Andresen v. Clear Ridge Aviation, Inc.

9 F.R.D. 50, 1949 U.S. Dist. LEXIS 3129
CourtDistrict Court, D. Nebraska
DecidedMarch 17, 1949
DocketCiv. No. 59-47
StatusPublished
Cited by15 cases

This text of 9 F.R.D. 50 (Andresen v. Clear Ridge Aviation, Inc.) is published on Counsel Stack Legal Research, covering District Court, D. Nebraska primary law. Counsel Stack provides free access to over 12 million legal documents including statutes, case law, regulations, and constitutions.

Bluebook
Andresen v. Clear Ridge Aviation, Inc., 9 F.R.D. 50, 1949 U.S. Dist. LEXIS 3129 (D. Neb. 1949).

Opinion

DELEHANT, District Judge.

The defendant, as the prevailing party1 has moved for the taxation of certain items costs in the action, beyond those taxed by the clerk.2 It first tendered a motion in very general terms, but thereafter submitted its demands in itemized form in an Amended Motion (filing 30). Oral arguments have been made and briefs have been submitted upon the latter pleading; and the court now rules upon it.

Certain items claimed in the motion are obviously recoverable; and, without formal discussion, their allowance is now announced. They include:

Item I, 2, Photostatic copies, provided upon demand of plaintiffs’ counsel, of various licenses, permits, and airport plats ......................$ 6.00

Item III, 6, Witness fee paid to Max Muhl7, bach ............................... 2.00 Witness fee paid to William R. Brown ............................. 2.00 (See discussion respecting mileage and reimbursement for lost wages)

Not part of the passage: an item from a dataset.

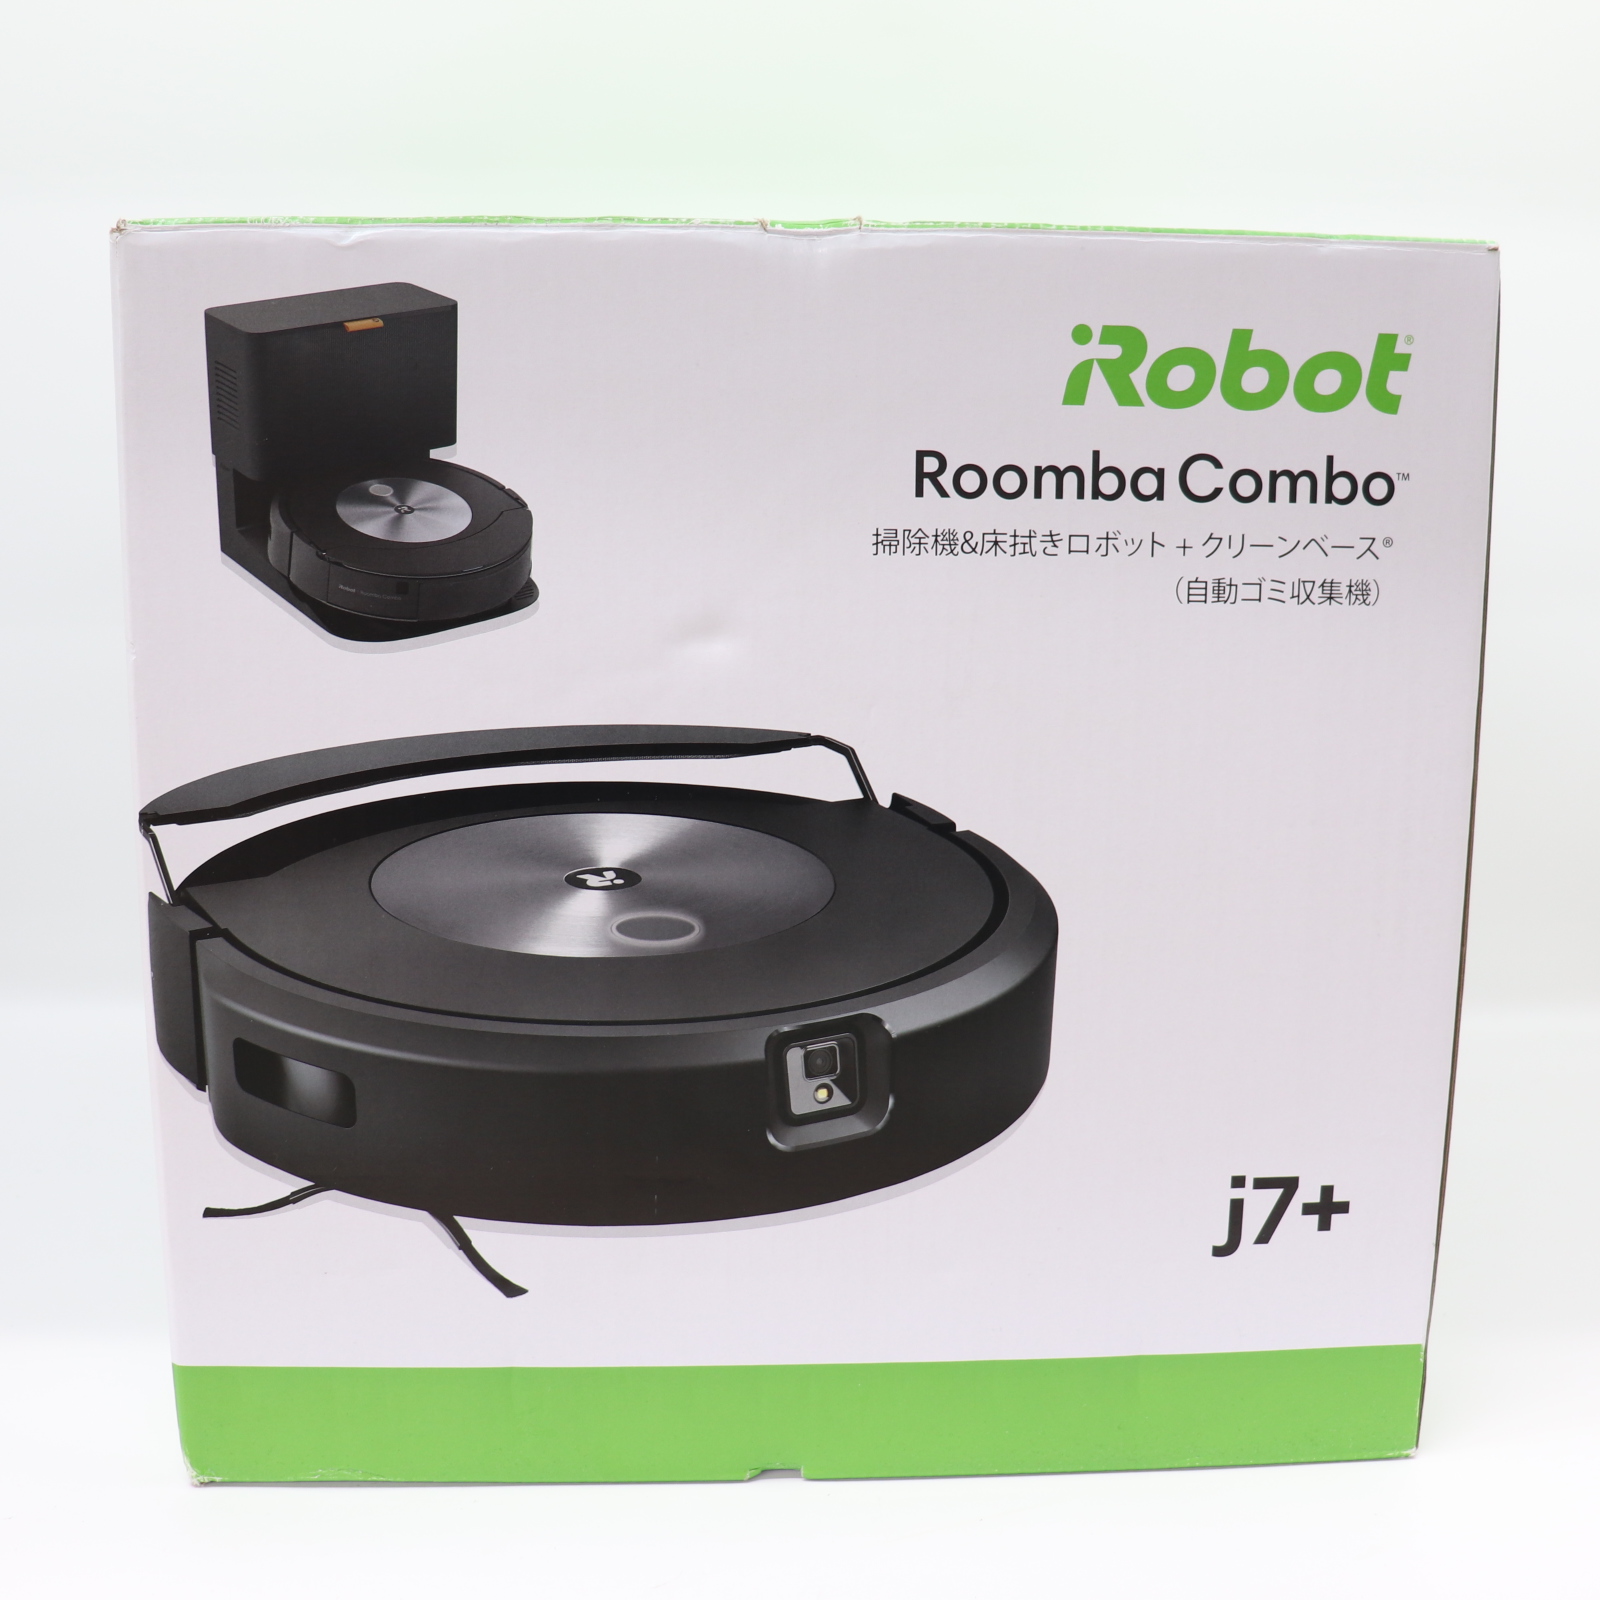 iRobot iRobot Roomba Combo j7＋ c755860（ブラック） ルンバ ロボット掃除機の商品画像

Item IX, 38, United States Marshal’s fees actually paid by defendant above the amount taxed by the clerk.. 1.50

$11.50

[52]*52In connection with the witness, William R. Brown, the defendant asks to recover the additional sum of $3.60 on account of “mileage and reimbursement of lost wages”. There is no allocation to the two items of the amounts respectively paid on account of them. The reimbursement of lost wages will not foe allowed. But the payment in respect of mileage will be granted, conditioned on the defendant’s seasonable showing by affidavit of its amount.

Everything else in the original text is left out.